Taoism, an ancient Chinese philosophy and religion, has been seen by some as the answer to the problem. For the first time, China has played host to 500 participants from more than 20 countries in a three-day international Taoism forum in Hunan province. The event, it is said, can go beyond fostering cultural exchanges and spreading Taoist teachings around the world. The leader of the China Taoist Association argues it can help society solve some of its problems through Taoist wisdom.
The central government has only recently turned to traditional Chinese philosophies to provide people with an alternative to the all-consuming pursuit of money. The intellectual renaissance has seen greater emphasis placed on the wisdom of Confucius, the philosopher once denounced by Communists as synonymous with feudalism and backwardness. There has been a revival in interest in ancient teachings, which stress compassion, self-restraint and respect. Other religions also have a role to play and should be given greater freedom.
It remains to be seen how relevant these teachings will prove to be in the modern world.
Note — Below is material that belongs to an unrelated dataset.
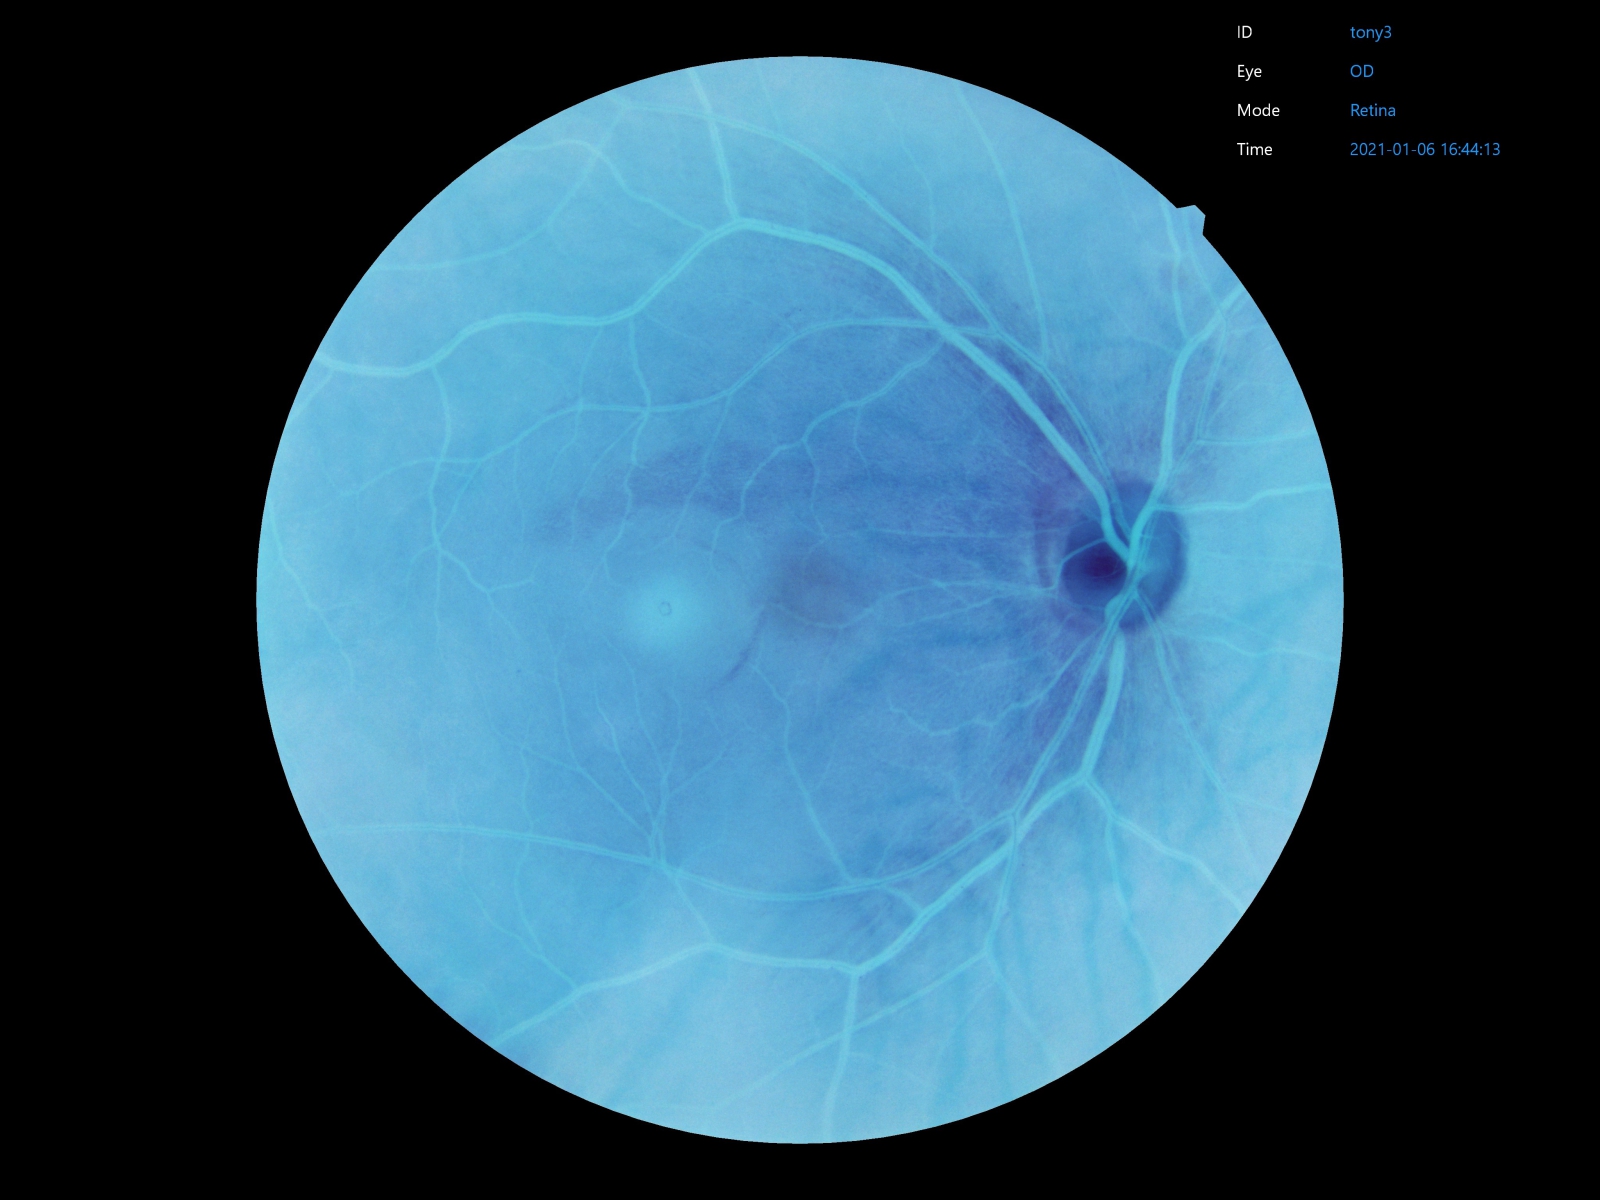 La cámara retiniana Crystalvue proporciona filtros integrados para imágenes retinianas

But the Taoist belief in non-action and minimalism certainly provide some food for thought for a nation with a seemingly insatiable drive for progress and development in all areas. While economic growth must continue, the move towards a more sustainable approach - especially one focused on making people happier - is welcome. And traditional teachings can help people understand that contentment can be found without riches or the pursuit of ever more material possessions.
The teachings of Confucius and Taoism have been an integral part of Chinese culture for thousands of years. Sadly the ancient wisdom has been overtaken by materialism fuelled by the rapid pace of development. It will take more than a few conferences to make a significant impact on the national psyche. But encouraging the development of different philosophies and religions can help fill the vacuum.